Et dans les numéros du même journal, novembre 1844, avril, juin, juillet 1845, un économiste d’un remarquable talent, plein de la philanthropie la plus généreuse, dirigé, ce qui paraîtra surprenant, par les idées les plus égalitaires, un homme que je louerais davantage, s’il n’avait dû sa subite célébrité à une thèse inadmissible, se chargea de prouver, aux applaudissements de tout le public économiste,

Que niveler les conditions du travail, c’est attaquer l’échange dans son principe ;

Qu’il n’est pas vrai que le travail d’un pays puisse être étouffé par la concurrence des contrées plus favorisées ;

Que cela fût-il exact, les droits protecteurs n’égalisent pas les conditions de production ;

Que la liberté nivelle ces conditions autant qu’elles peuvent l’être ;

Que ce sont les pays les moins favorisés qui gagnent le plus dans les échanges ;

Que la Ligue et Robert Peel ont bien mérité de l’humanité par l’exemple qu’ils donnent aux autres nations ;

Et que tous ceux qui prétendent et soutiennent le contraire sont des sisyphistes.
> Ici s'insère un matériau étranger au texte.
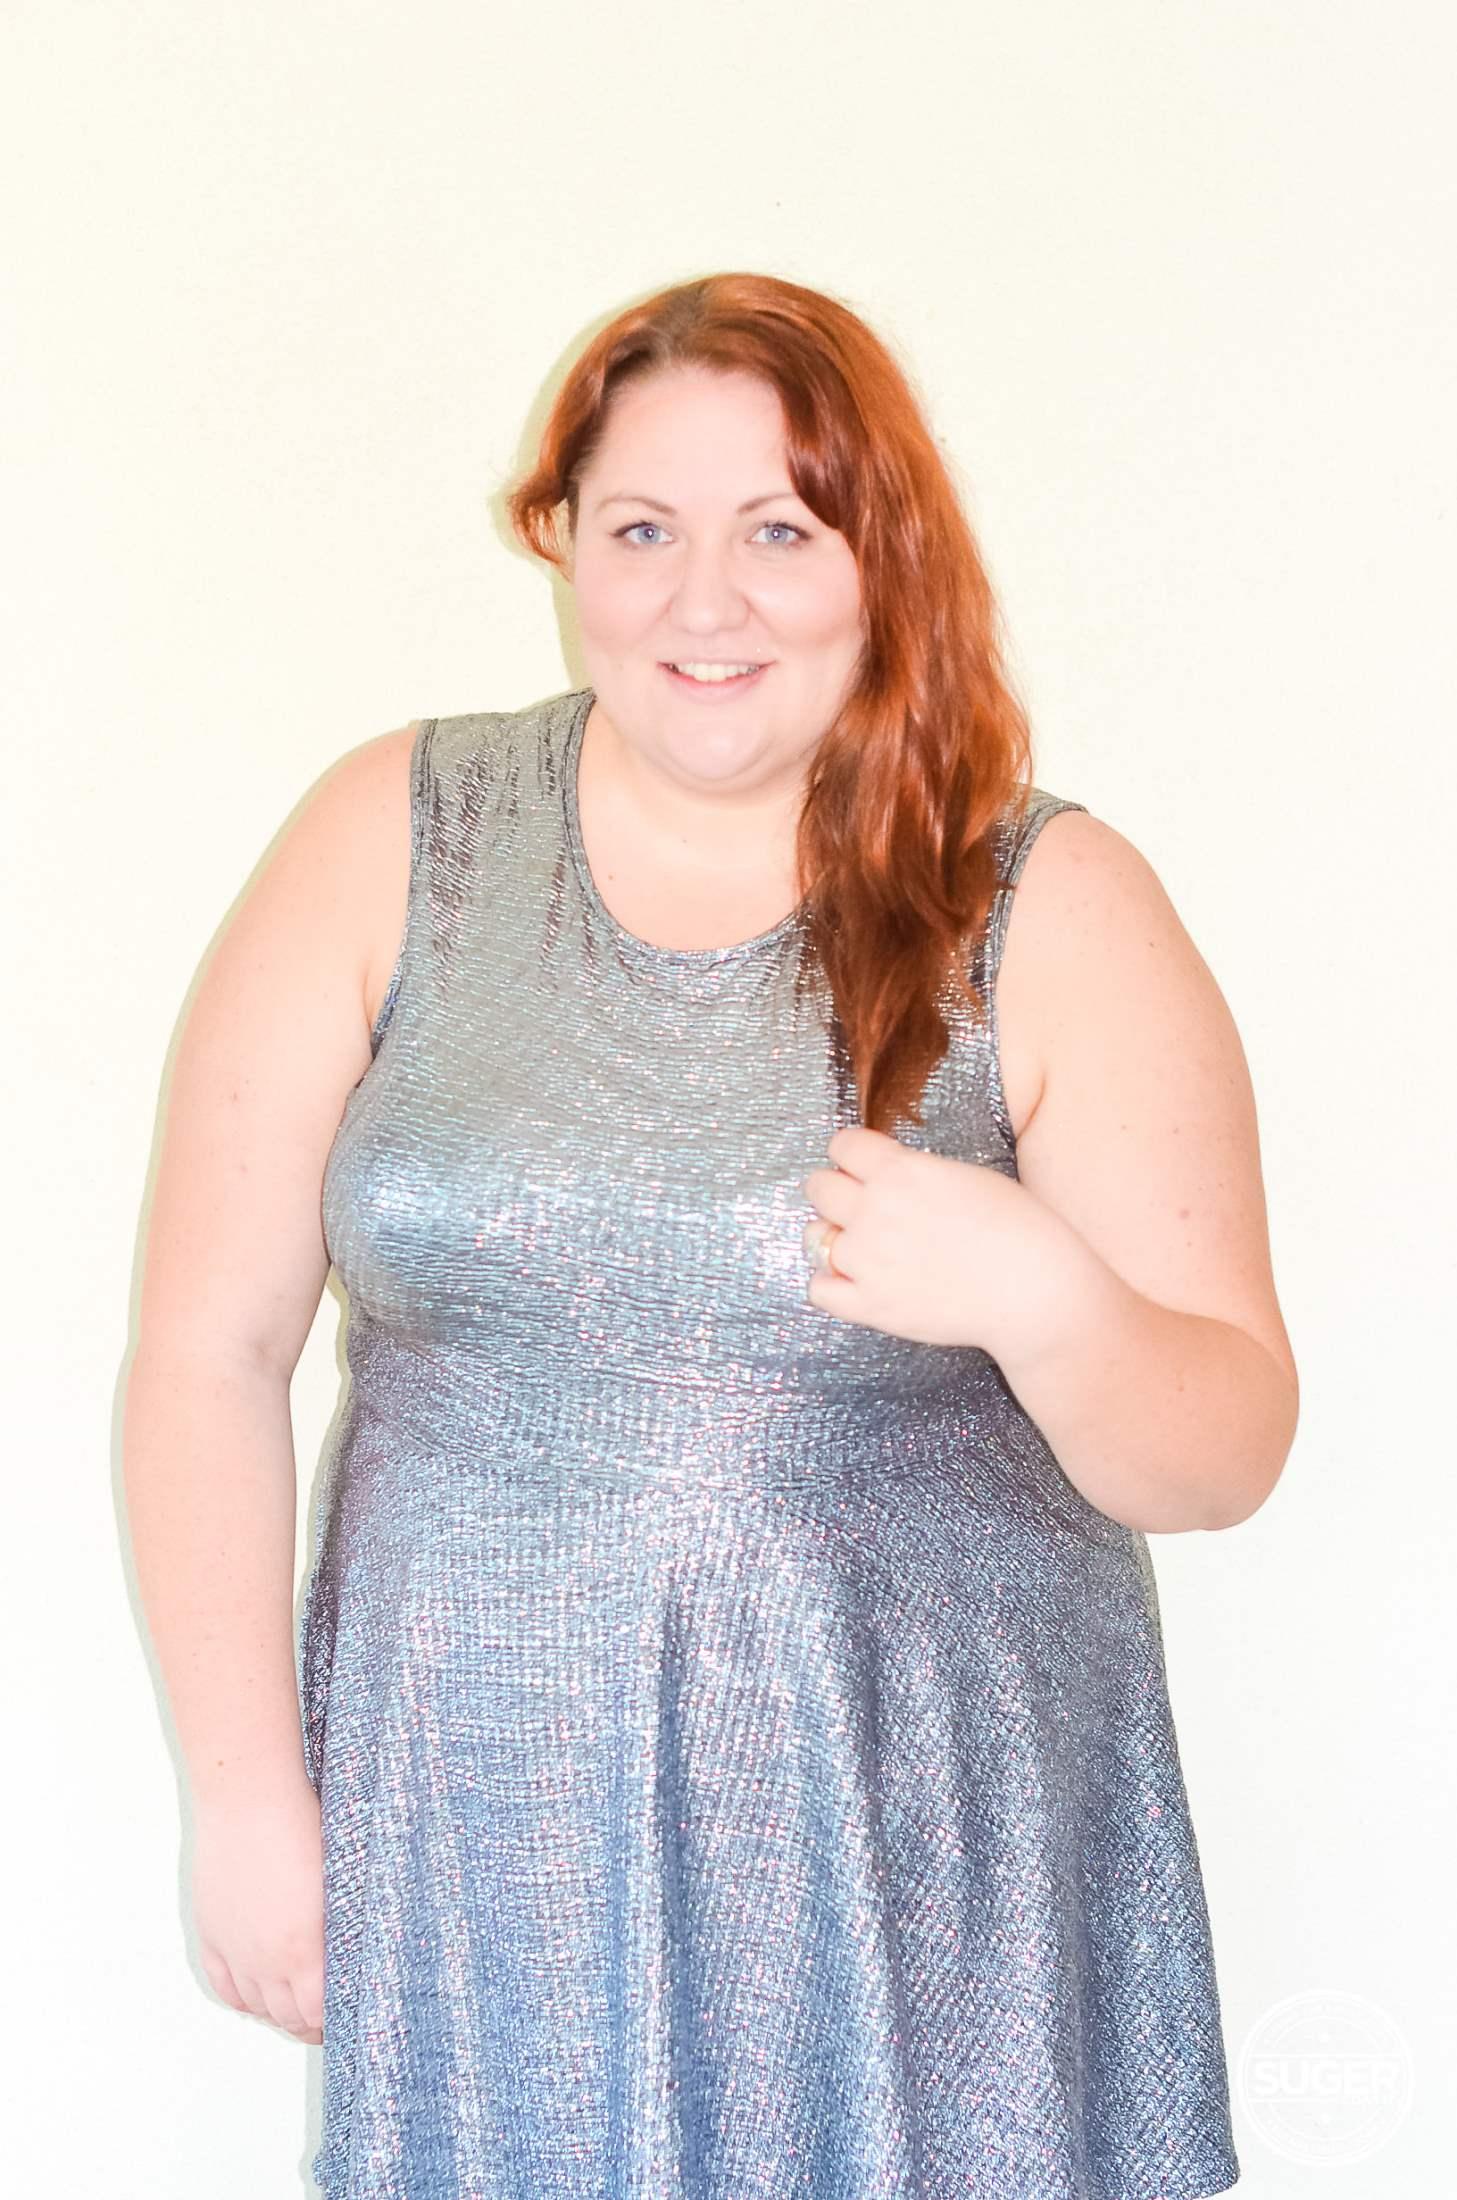 Aussie Curves: Sparkle

Certes M. Bastiat, des Landes, peut se flatter d’avoir, par l’audace et l’aplomb de sa polémique, émerveillé les économistes eux-mêmes, et fixé peut-être ceux dont les idées sur le libre commerce étaient encore flottantes. Quant à moi, j’avoue que je n’ai rencontré nulle part de sophismes plus subtils, plus serrés, plus consciencieux, et d’un air de vérité plus franche, que les Sophismes économiques de M. Bastiat.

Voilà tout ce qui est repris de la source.